The article is concerned with the analysis of Dmitry Krymov’s production Boris and with its interrelation with the legacy of the stage directors who stood at the origins of poetic, metaphoric theatre (A. Efros, Yu. Lyubimov and others). The author considers the theatrical structure of the production based on Pushkin’s Boris Godunov, the stage semantics, and Krymov’s direction engineering in the context of the director’s works of the last decade. One of the key themes of his work is the theme of history and its interpretation in the perception of the audience.

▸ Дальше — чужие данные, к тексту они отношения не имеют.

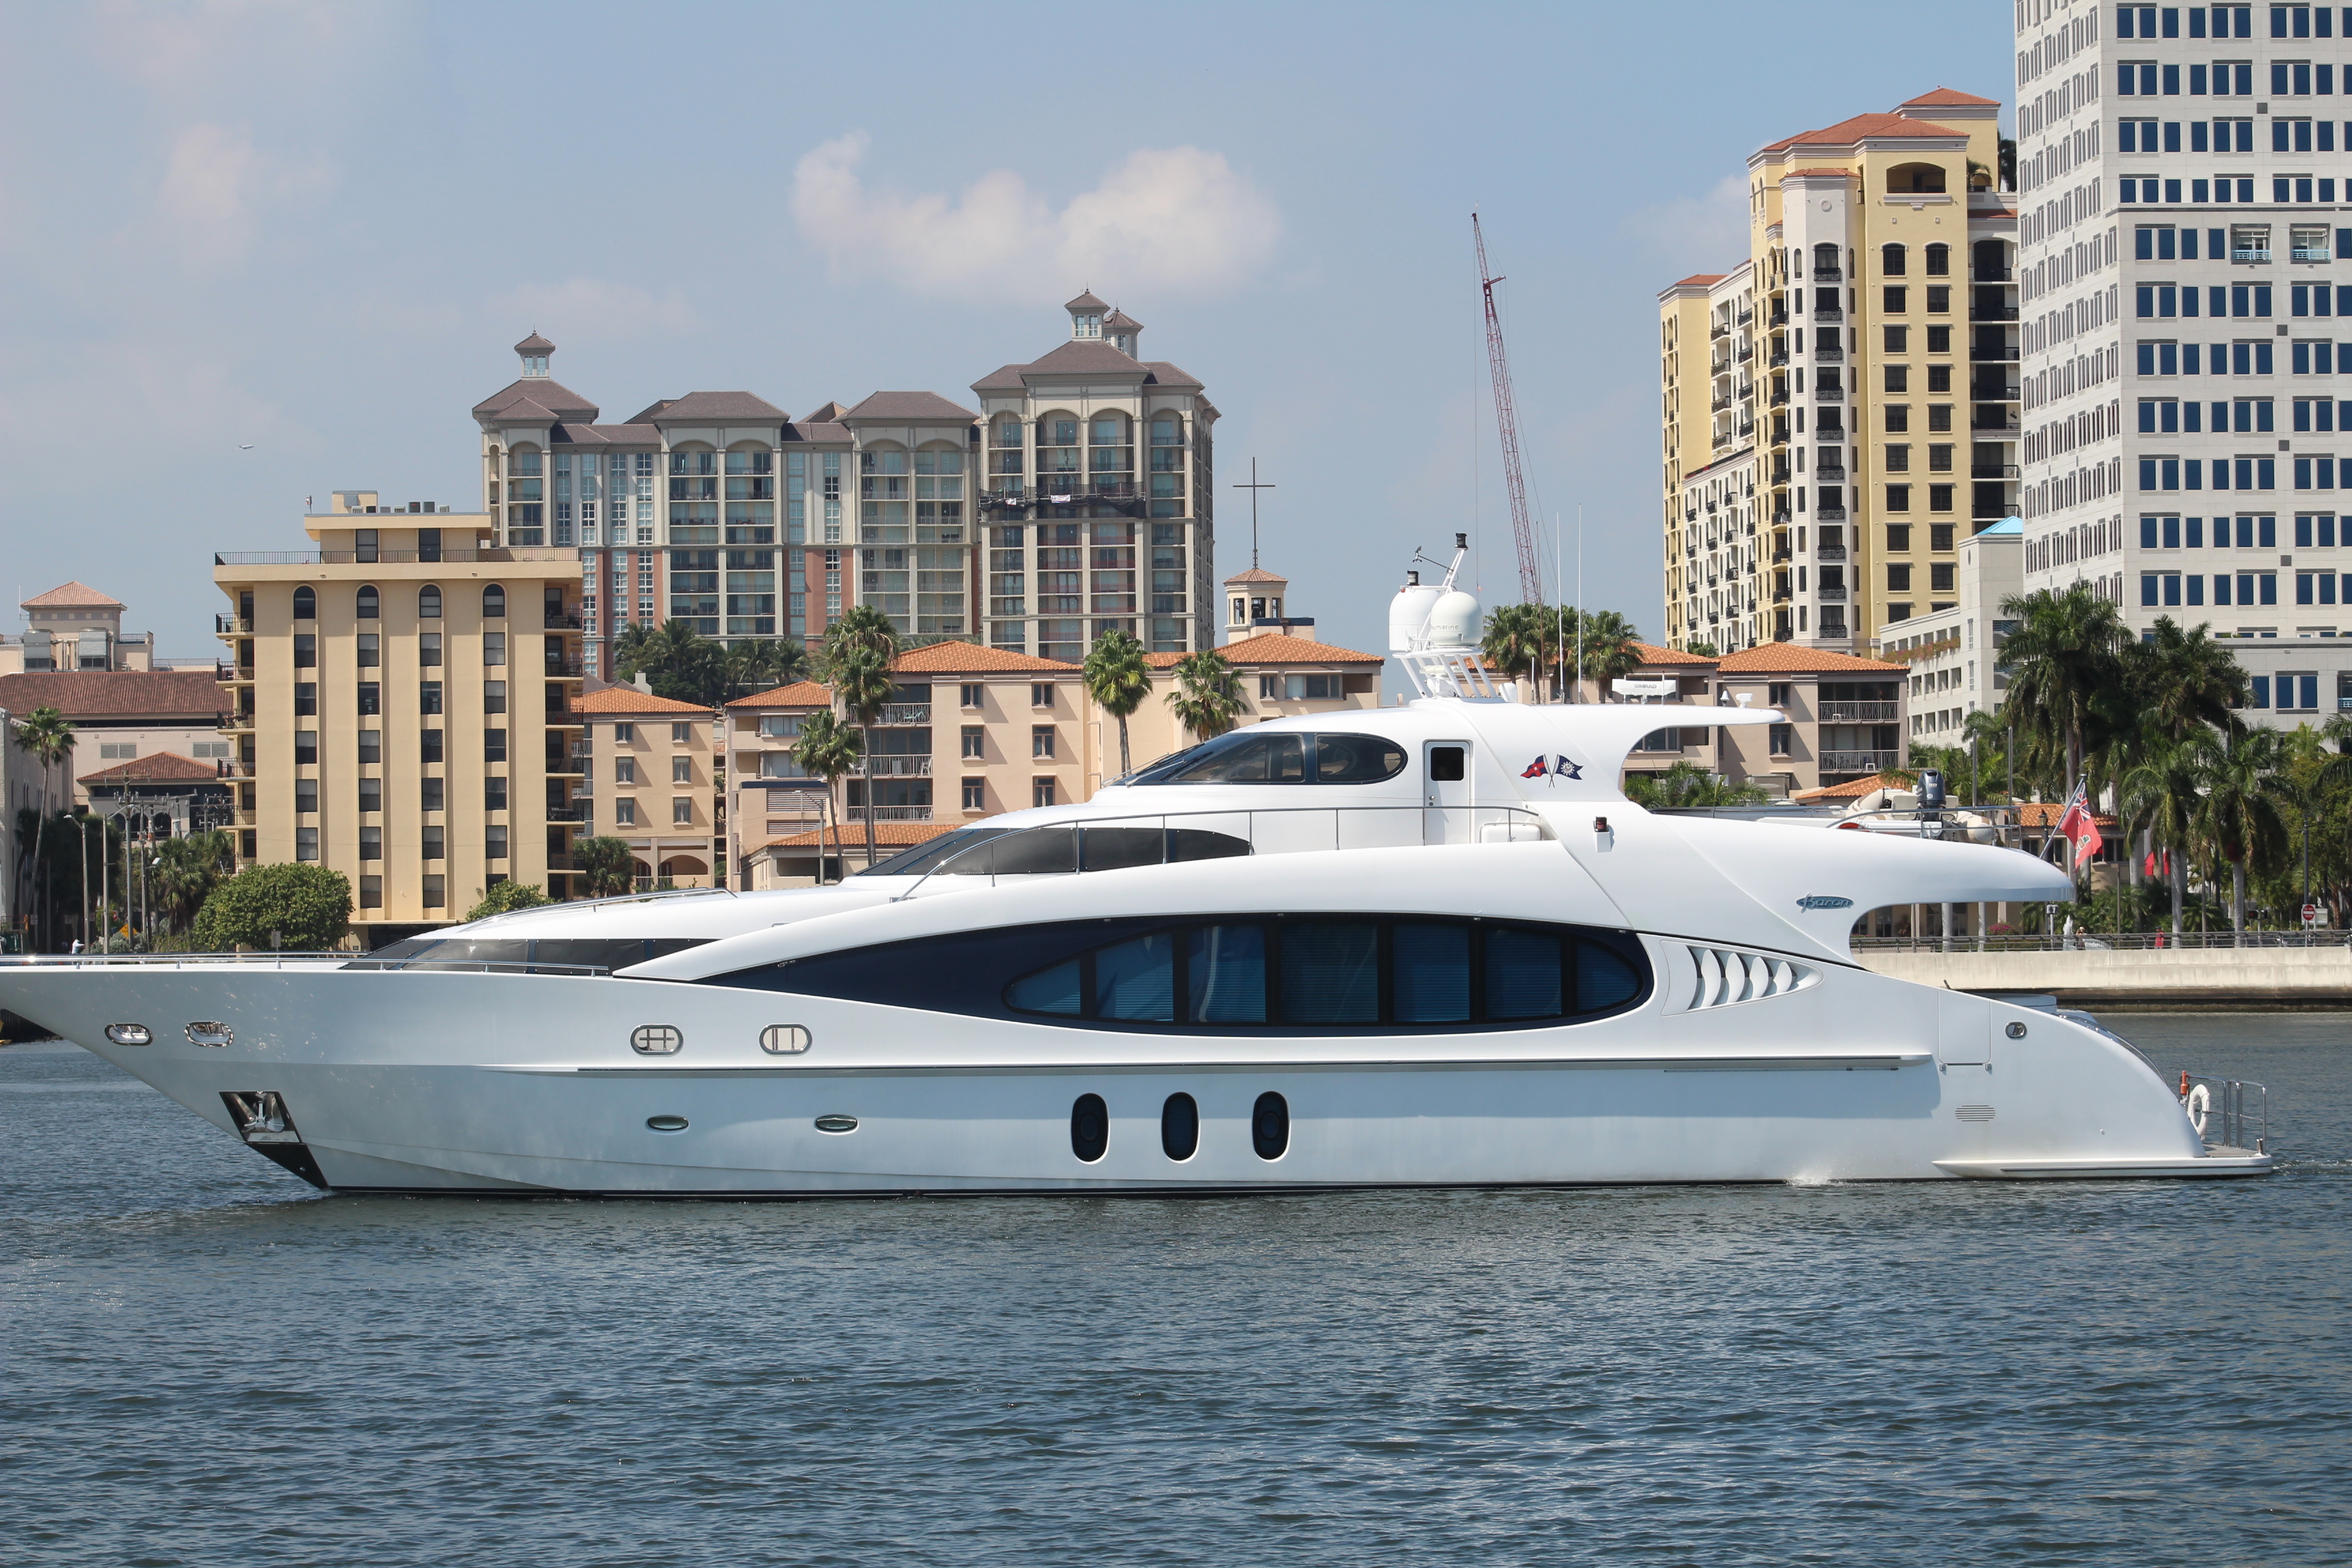 Sea Breeze specs with detailed specification and builder summary

The interaction of artistic images and the leading motives of the stage narrative with the social and spiritual experience of a spectator is seen as an important line of Krymov’s creative pursuit.

Текст научной работы на тему ««Борис» у Дмитрия Крымова. Поэтическая метафора и историческое мышление»

Виолетта Гудкова

«Борис»

у Дмитрия Крымова

Поэтическая метафора и историческое мышление*

Поэтический театр - что это? Когда-то критикам представлялось, что это -когда со сцены читают стихи. Во второй половине 1960-х первым к поэзии на отечественной сцене обратился театр Юрия Любимова. После зонгов Брехта в спектакле «Добрый человек из Сезуана» зазвучали стихи в «Павших и живых», «Послушайте!», «Товарищ, верь...». Одним из поздних любимовских спектаклей был и «Борис Годунов».

* Статья создана по заказу Центра Вознесенского

Но вот появился такой феномен, как театр Анатолия Эфроса. Казалось бы, психологизм, атмосфера... Спустя короткое время стало понятно, что это тоже, бесспорно, поэтический театр, но иного извода. «Три сестры» и «Месяц в деревне» стали театральными шедеврами Эфроса. Поэзия жила в пластике персонажей, звучала в недосказанностях и интонациях, дышала в паузах и жестах героев.

Еще позднее мы познакомились с изощренными сценическими метафорами Эймунтаса Някрошюса, Роберта Стуруа, Римаса Туминаса.

Стало очевидным, что дело заключалось не в рифмах и ритмике поэтических строк, а в предельной емкости художественного высказывания, достигающейся богатством ассоциативных связей.

Чем поэтический театр схож с поэзией? Сценической метафорой как инструментом раскрытия смысла.

Метафора - душа поэзии.

Поэтическая строчка как особая форма организации речи предельно сжата, плотна и, если можно так сказать, энергетична. Минимум лексических единиц потенциально предполагает неограниченное количество интерпретаций, т.е. максимум ассоциаций при словесной лаконичности.

Метафора - не что иное, как свернутая в формулу эмоциональная информация, пробуждающая и интеллектуальные ходы. Не пространное объяснение, а вспышка.

Театральная метафора - кратчайший путь к выражению сценического действия, самый емкий способ выражения образа, мысли, чувства. Минуя описательность уподобления, она проникает в суть явления.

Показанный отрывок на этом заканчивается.